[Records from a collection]
____________________

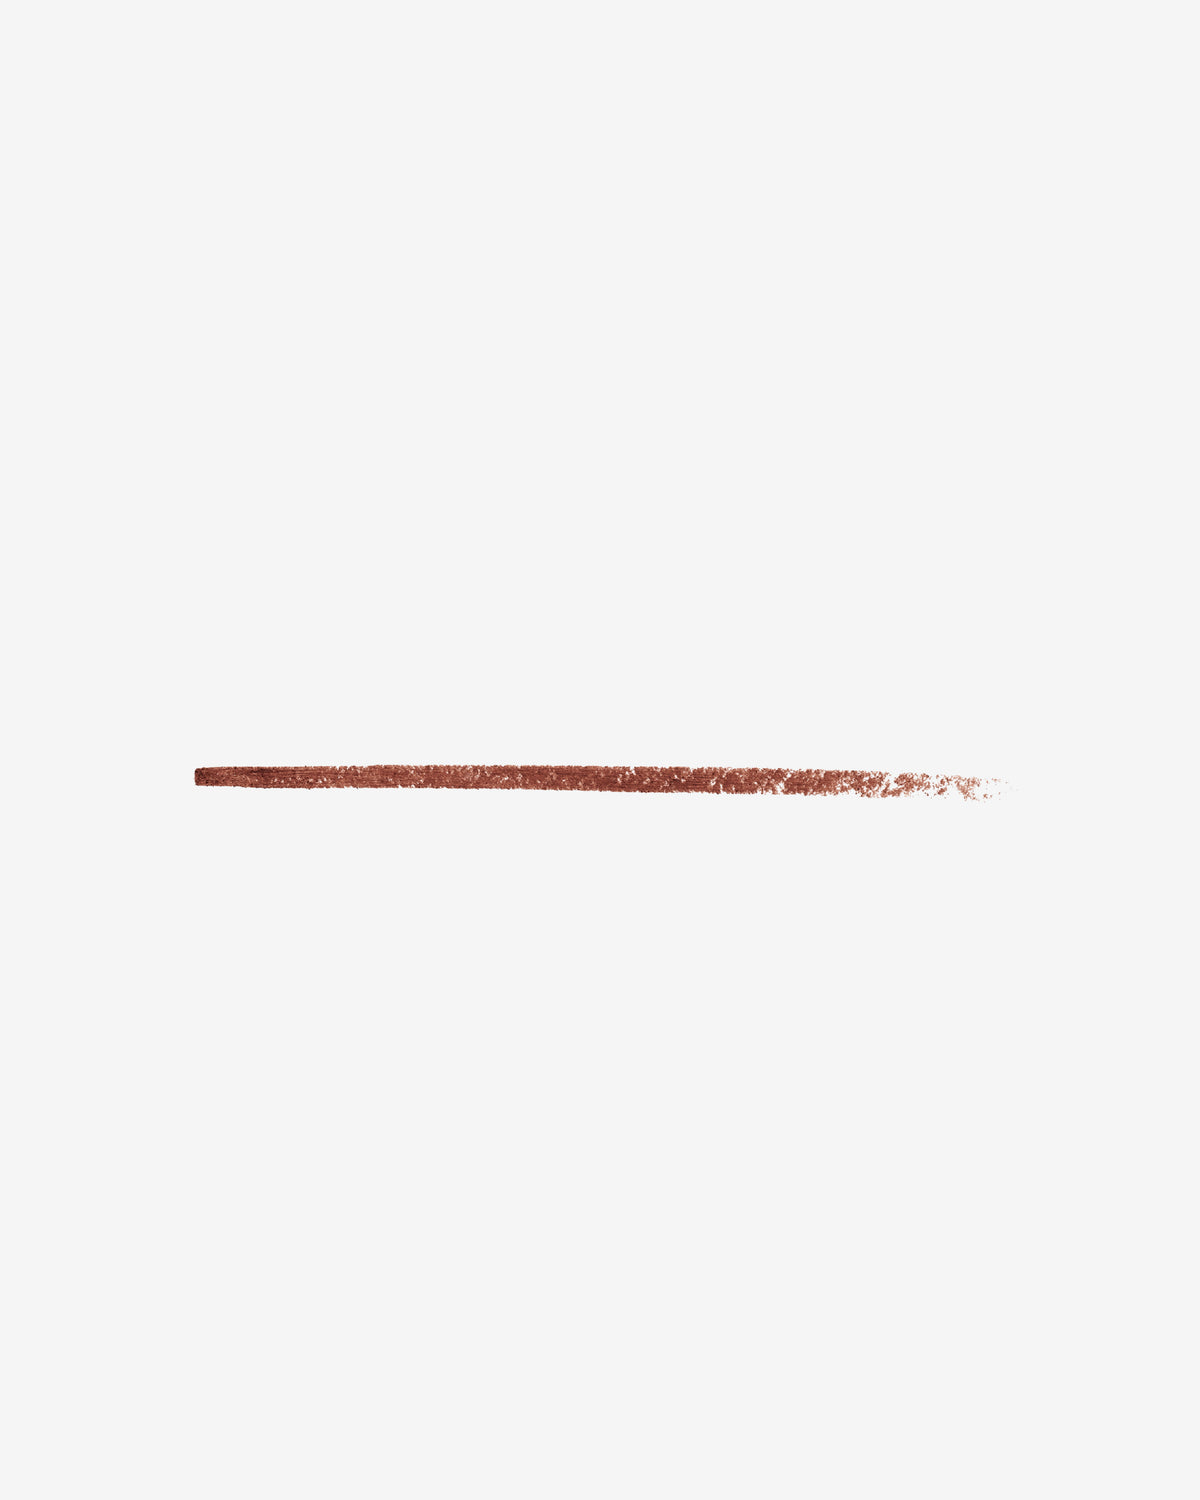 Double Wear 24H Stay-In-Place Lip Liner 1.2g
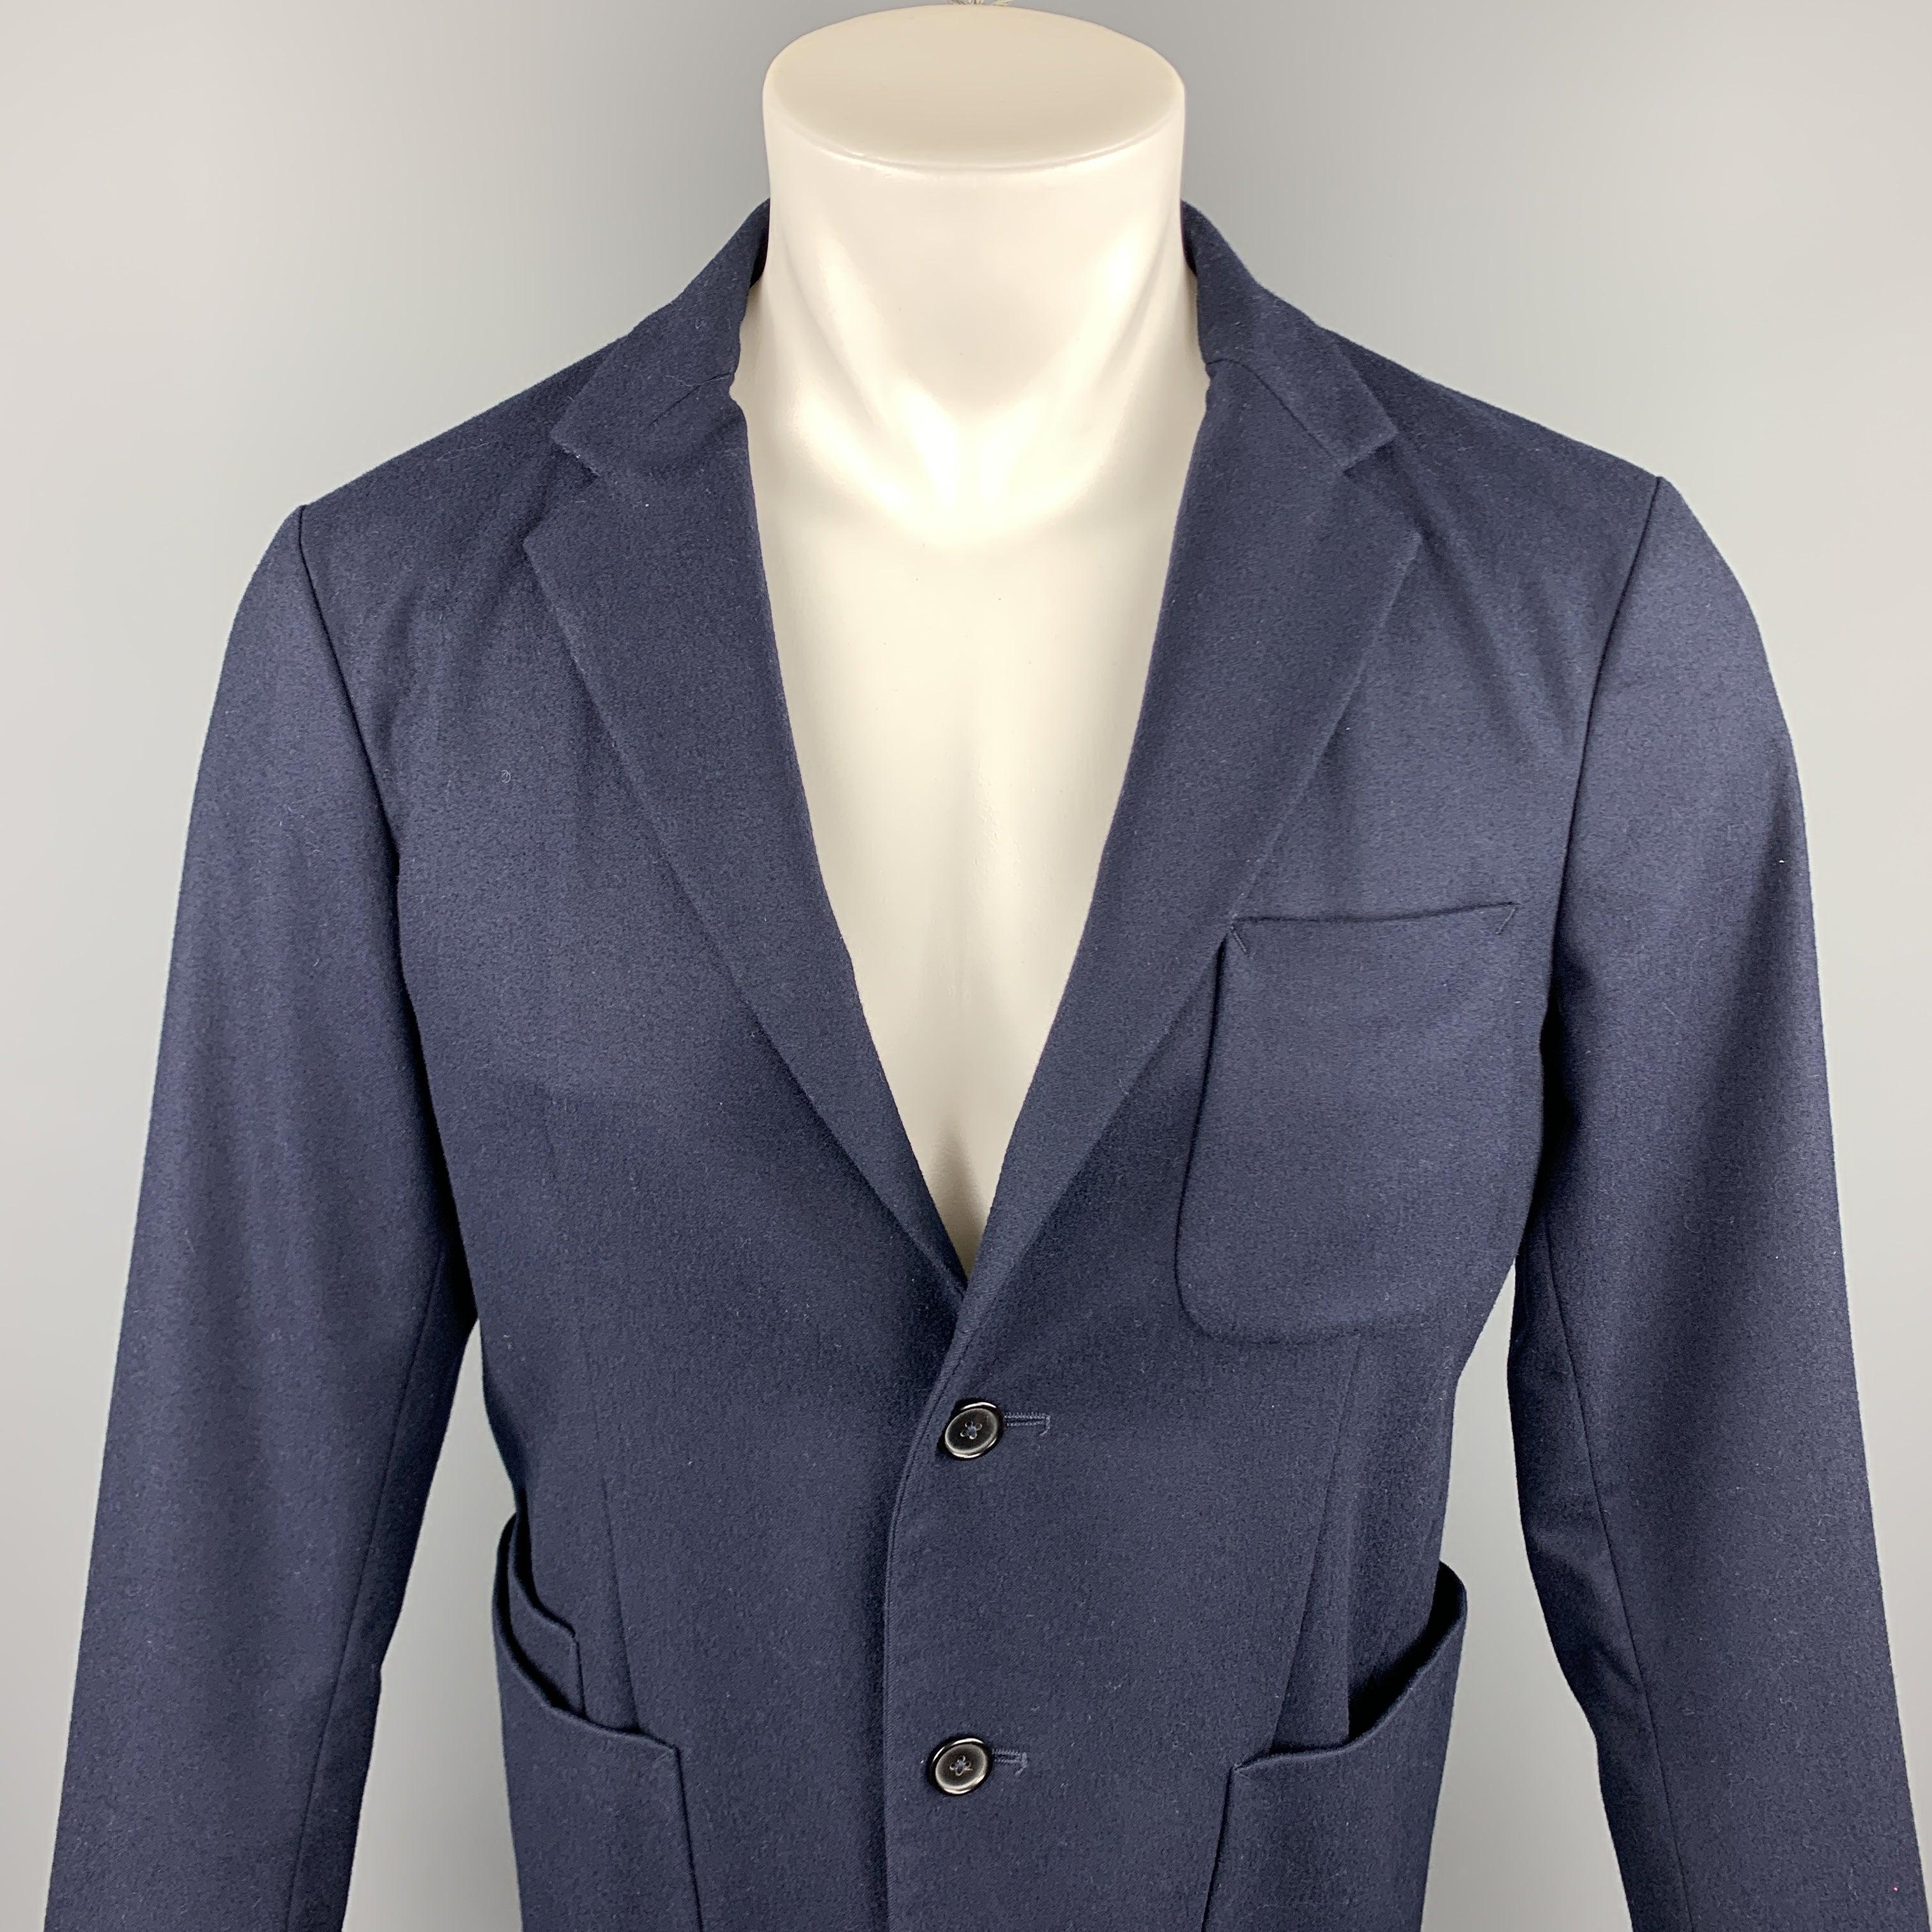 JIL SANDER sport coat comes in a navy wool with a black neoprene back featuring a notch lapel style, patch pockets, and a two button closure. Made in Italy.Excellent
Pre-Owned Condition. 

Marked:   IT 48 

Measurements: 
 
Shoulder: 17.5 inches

____________________

Aim of the task -> Output the data exactly. Leave every picture out.

Reply ->
 Double Wear 24H Stay-In-Place Lip Liner 1.2g
 JIL SANDER sport coat comes in a navy wool with a black neoprene back featuring a notch lapel style, patch pockets, and a two button closure. Made in Italy.Excellent
Pre-Owned Condition. 

Marked:   IT 48 

Measurements: 
 
Shoulder: 17.5 inches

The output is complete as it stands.